I cannot see why anyone should ever have more than 10 million dollars. How much is the billionaire's fair share? Enough to bring them down to 10 million.
We could quibble on 10 million. Maybe it should be 1 million. But that is a separate end less interesting question.
Agreed. It's also a question of power: no one should have enough money to amass that much power. It's barely an exaggeration to say that the Koch brothers bought themselves a political party and doomed the entire planet to climate catastrophe. No one should have that much money.
Isn't that the point? If I wrote 2 or 3, people could talk about absurd land prices in San Francisco or medical emergencies for five of their children simultaneously. But when we are talking about 10, it's pretty hard to come up with a plausible hypothetical situation where the money is actually necessary, ever. I'm not questioning your ability to do craft such a hypothetical, but I am questioning your ability to do so while keeping a straight face.
I personally really hate the term "pay their fair share" because if it's implications. I would much rather hear something like "pay like the rest of us" because it's about percentages, not actual dollars.
The only gripe I have with this is settling for billionaires paying ‘their fair share’. That would have been acceptable if they paid that while hoarding these unimaginable levels of wealth.
At this point; the amount they should be due to pay should be punitive - to discourage anyone from attempting anything similar in the future.
I'd love to tax the kleptocrat class and pay to fix some of the country's problems, but I'm worried a woman and her doctor might do medicine deemed heresy by my twisted interpretation of a book of fables I never actually read (and may not even believe). Also the gays and brown people scare me, and somehow the only way I can save myself from them is to give Elon Musk ownership of San Francisco.

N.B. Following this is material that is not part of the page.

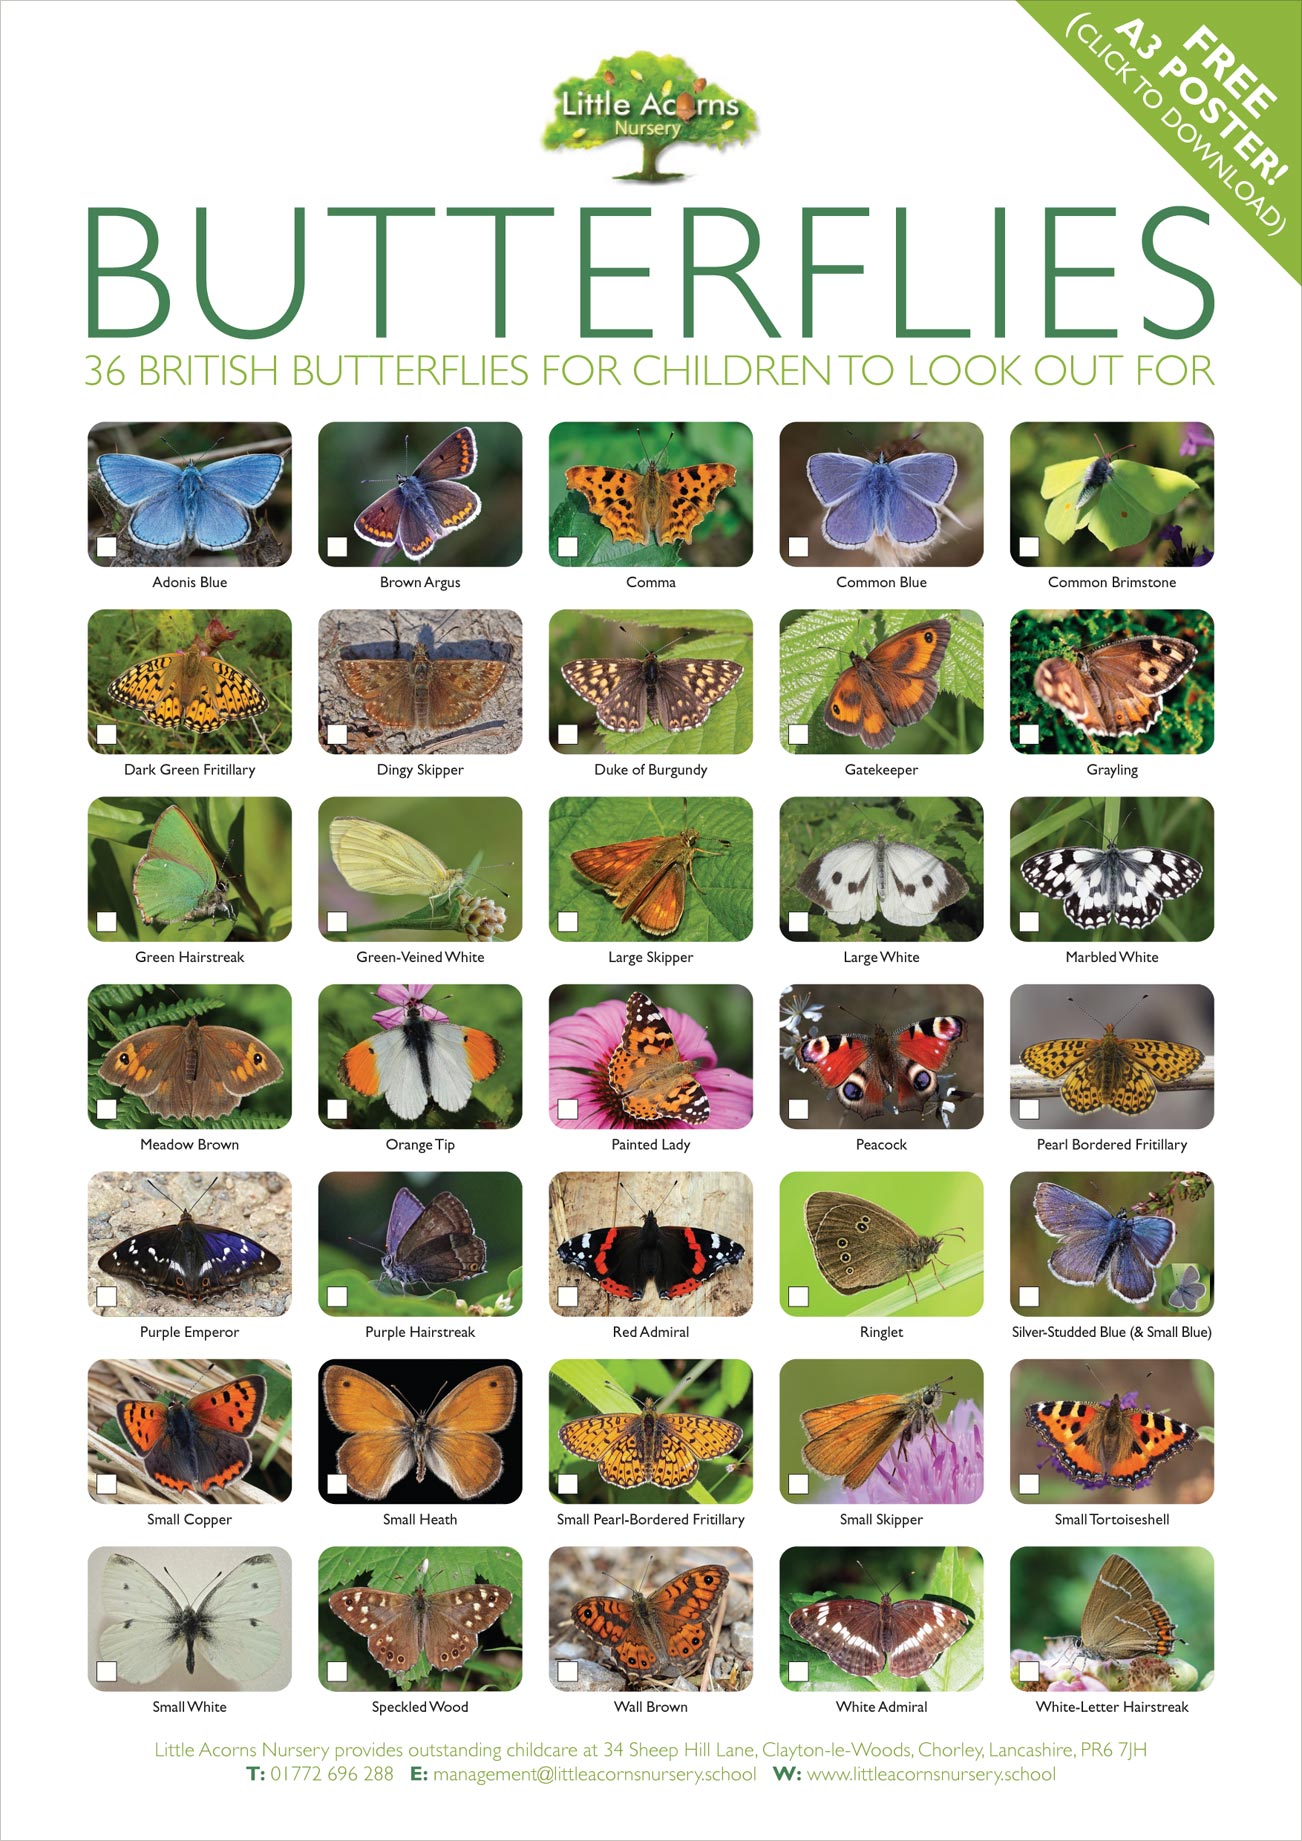 Download your free British butterfly identification poster (click to download or view).

I wonder how quickly he'd change his mind if we also removed the ability to launder funds donate money for tax breaks from your bank account into your foundation's bank account.
Bill Gates is a higher class of billionaire. He funnels money through philanthropy and charities. Lonnie just lights it on fire. They are not the same. What I mean is that Billy Boy is doing exactly what you said because he’s much smarter than Lonnie.

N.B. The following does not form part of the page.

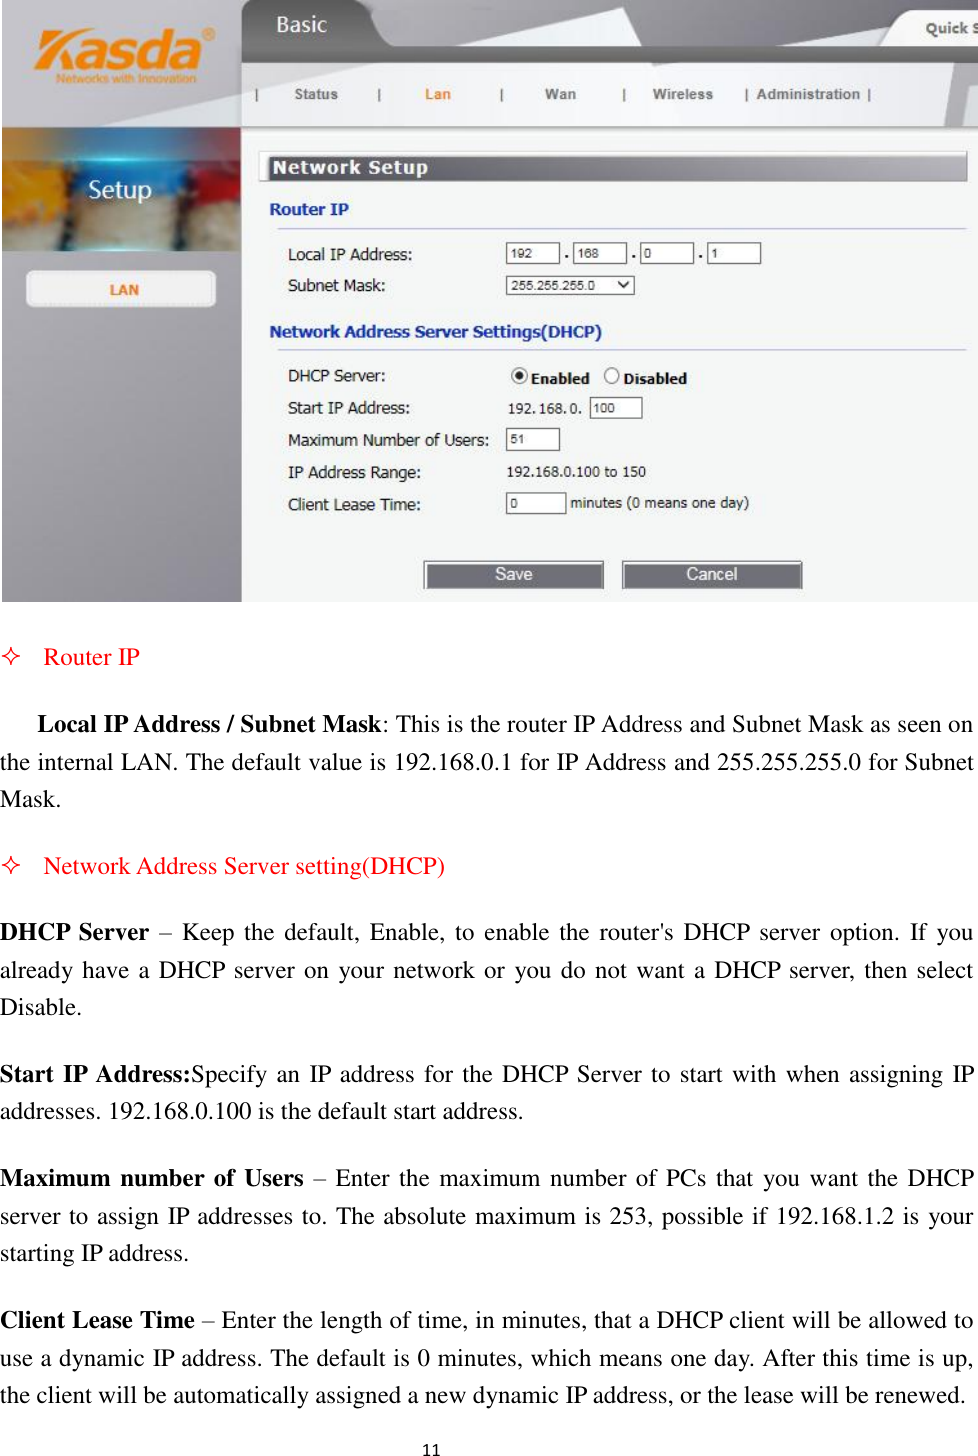                                                               11                                                       Router IP Local IP Address / Subnet Mask: This is the router IP Address and Subnet Mask as seen on the internal LAN. The default value is 192.168.0.1 for IP Address and 255.255.255.0 for Subnet Mask.  Network Address Server setting(DHCP) DHCP Server – Keep the  default, Enable, to  enable the router&apos;s DHCP server option.  If  you already have a DHCP server on your network or you do not want a DHCP server, then select Disable. Start IP Address:Specify an IP address for the DHCP Server to start with when assigning IP addresses. 192.168.0.100 is the default start address.   Maximum number of Users – Enter the maximum number of PCs that you want the DHCP server to assign IP addresses to. The absolute maximum is 253, possible if 192.168.1.2 is your starting IP address. Client Lease Time – Enter the length of time, in minutes, that a DHCP client will be allowed to use a dynamic IP address. The default is 0 minutes, which means one day. After this time is up, the client will be automatically assigned a new dynamic IP address, or the lease will be renewed.

Nearly all of us pay more than these clowns do, when considering the percent of our incomes. And most of us are losing savings or being forced to budget to the extreme these days.
Fuck the ultra rich that never give back. People like Musk are a fucking scourge to our entire society.
They also create large amounts of value. You would get the same tax breaks if you provide the same value for society. You can hate capitalism all you want, but something you can't argue against is that it motivates people to provide value
While I agree with the sentiment it's worth noting that this wealth isn't usually liquid. It's tied up in other assets. Like shares in companies. Liquidating those shares to pay a wealth tax will also dilute their influence in those companies. Not to mention liquidation comes with additional taxes.
I wonder how having assets seized would affect their tax return. It could be that it would be beneficial for them to put up a fight and get the assets seized instead of liquidating them and then being subject to a huge tax bill.
Look, our politicians are bought and paid for so I'm going to suggest something unorthodox here: we get the blood boys to float the idea of a wealth tax with these people.
A man's never as vulnerable and open to new ideas as when he's siphoning the life force from his best blood boy.